← Back to context

Comment by mort96

11 hours ago

That isn't really a case of UTF-8 sacrificing anything to be compatible with UTF-16. It's Unicode, not UTF-8 that made the sacrifice: Unicode is limited to 21 bits due to UTF-16. The UTF-8 design trivially extends to support 6 byte long sequences supporting up to 31-bit numbers. But why would UTF-8, a Unicode character encoding, support code points which Unicode has promised will never and can never exist?

Is 21 bits really a sacrifice.
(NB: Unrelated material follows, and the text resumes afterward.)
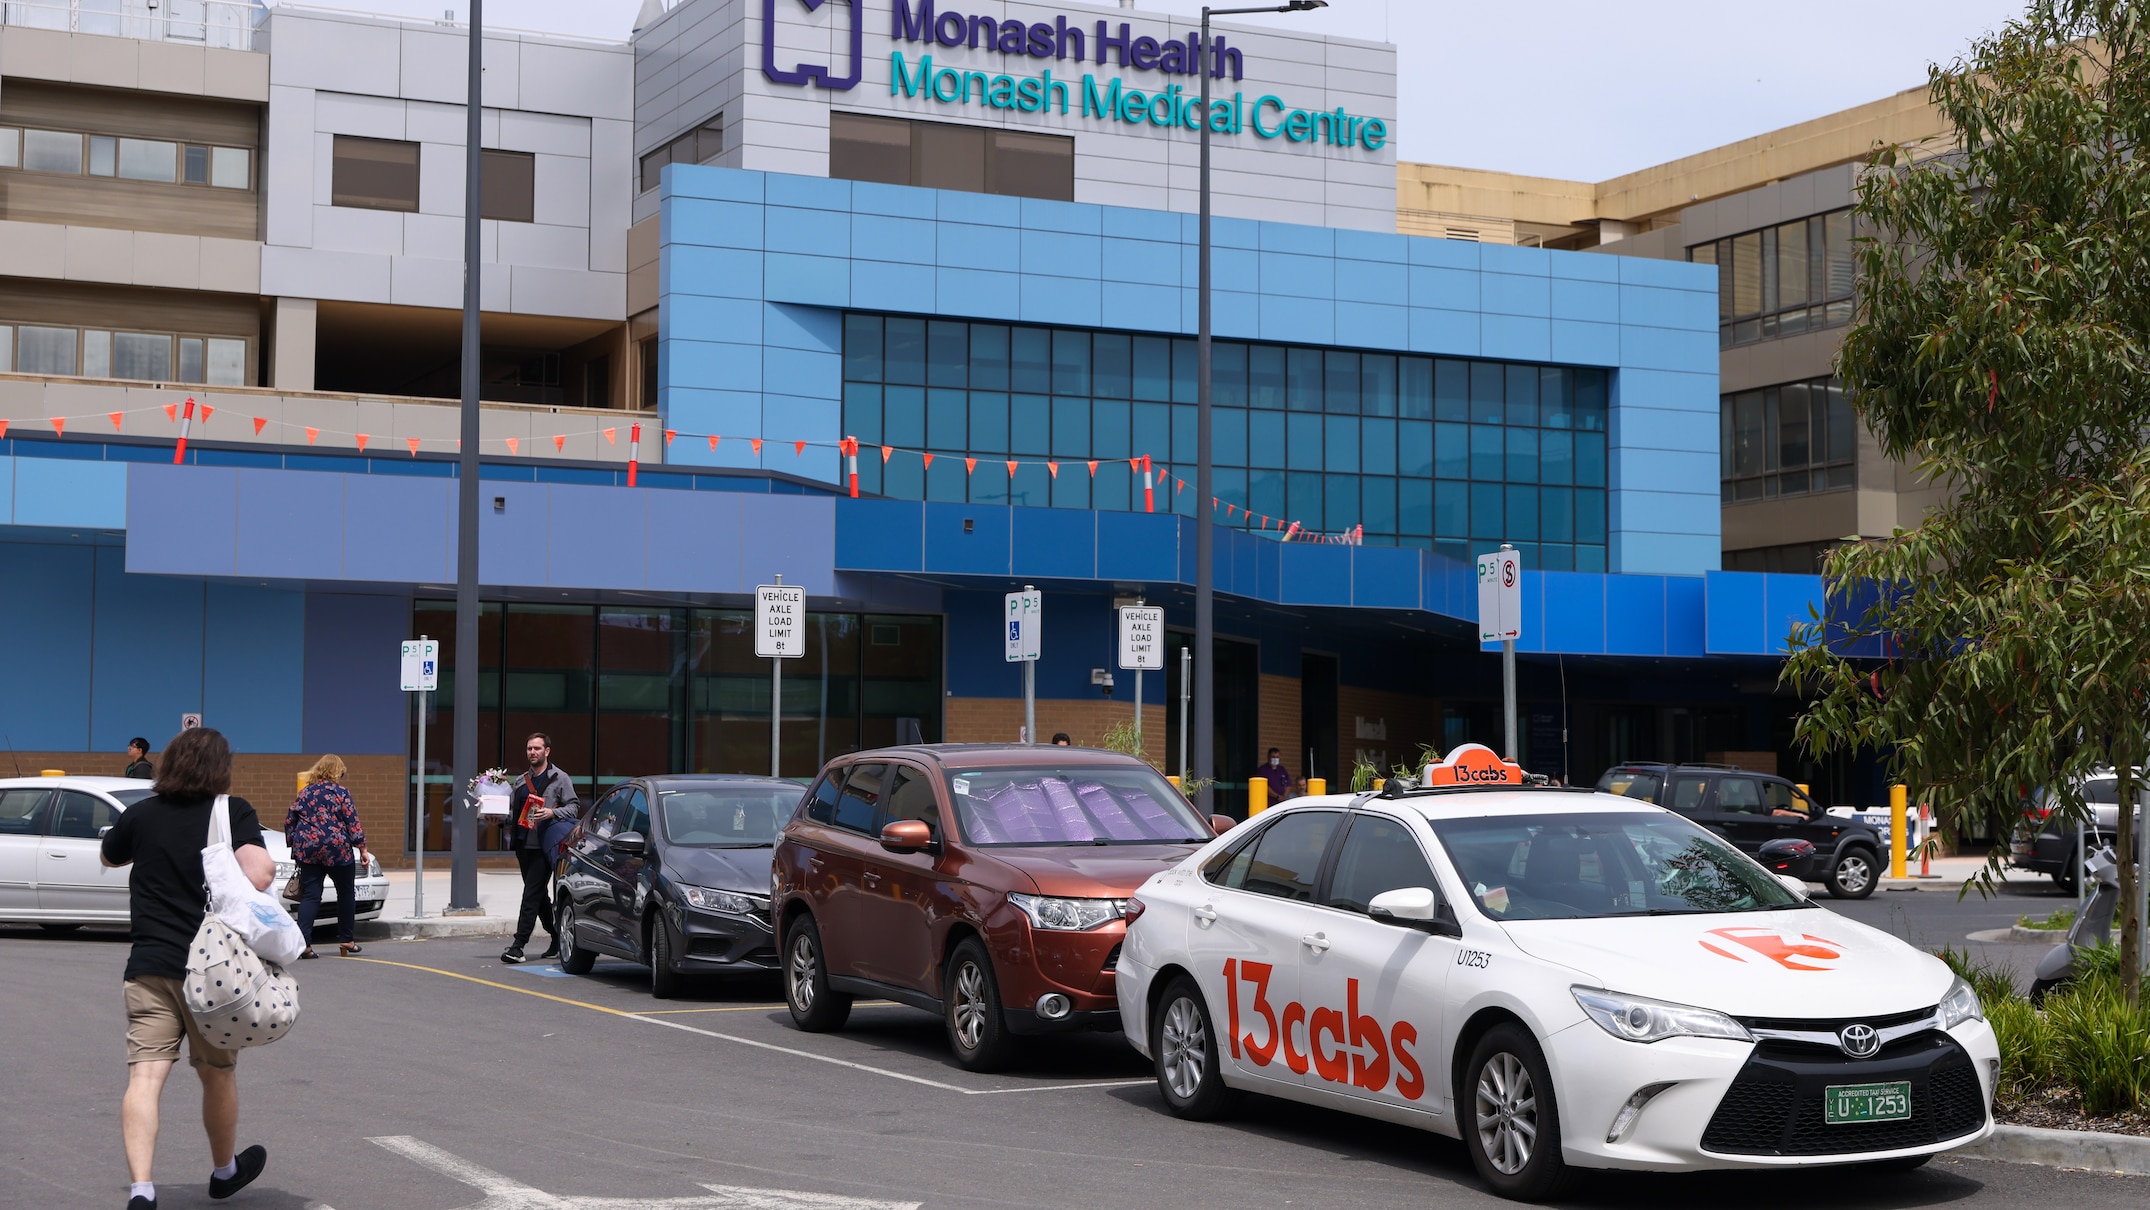 radiation leaked from cancer treatment room at monash medical centre in melbourne, documents reveal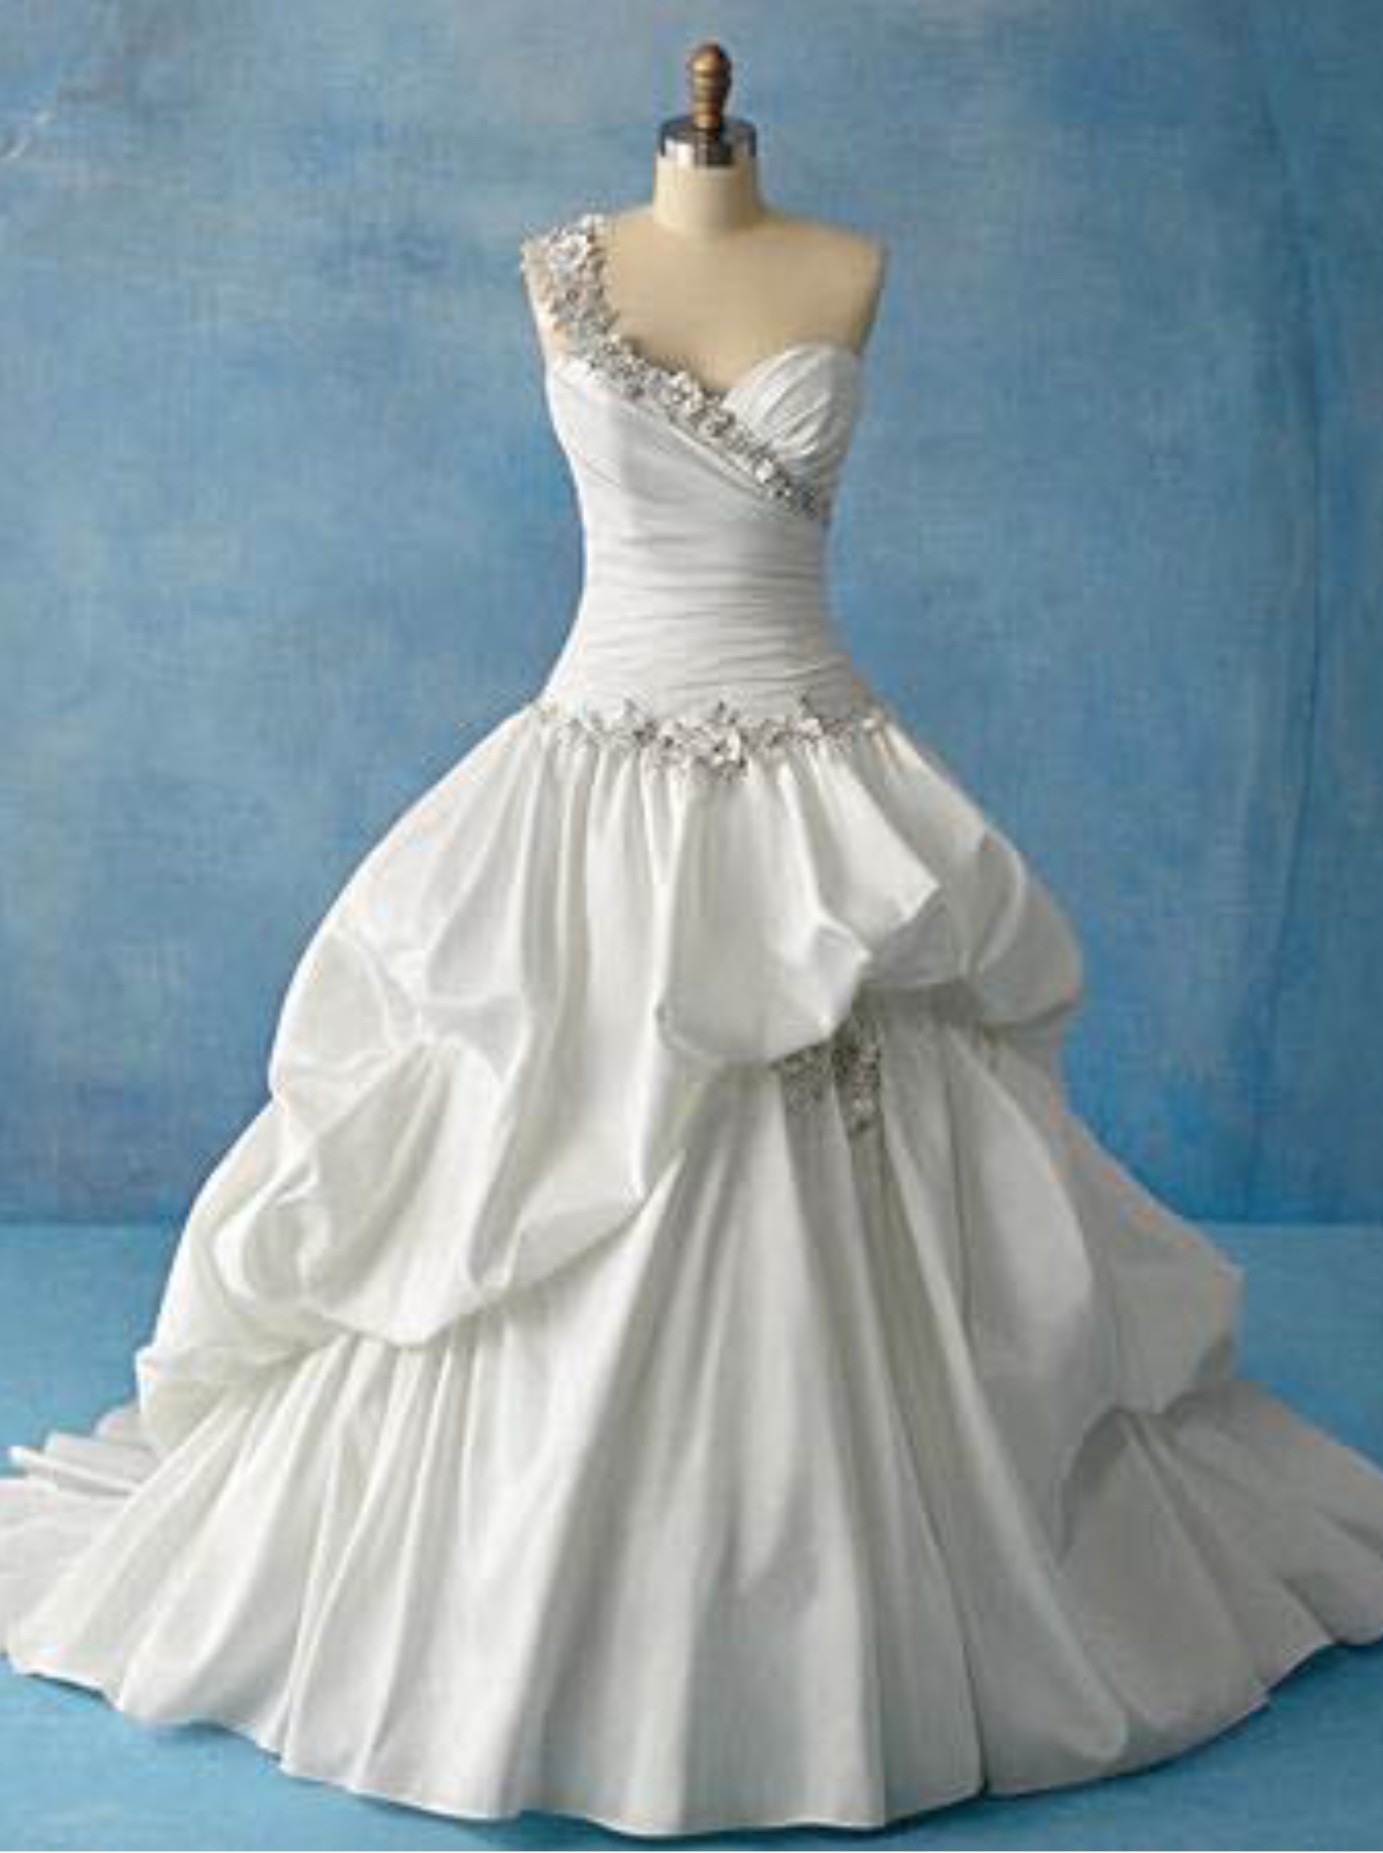  Alfred  Angelo  204 New Wedding  Dress  on Sale 71 Off

It is 2 million codepoints, we currently use about a tenth of that.

Even with all Chinese characters, de-unified, all the notable historical and constructed scripts, technical symbols, and all the submitted emoji, including rejections, you are still way short of a million.

We are probably never need more than 21 bits unless we start stretching the definition of what text is.

  • It's not 2 million, it's a little over 1 million.

    The exact number is 1112064 = 2^16 - 2048 + 16*2^16: in UTF-16, 2 bytes can encode 2^16 - 2048 code points, and 4 bytes can encode 16*2^16 (the 2048 surrogates are not counted because they can never appear by themselves, they're used purely for UTF-16 encoding).

In an ideal future (read: fantasy), utf-16 gets formally deprecated and trashed, freeing the surrogate sequences and full range for utf-8.

Or utf-16 is officially considered a second class citizen, and some code points are simply out of its reach.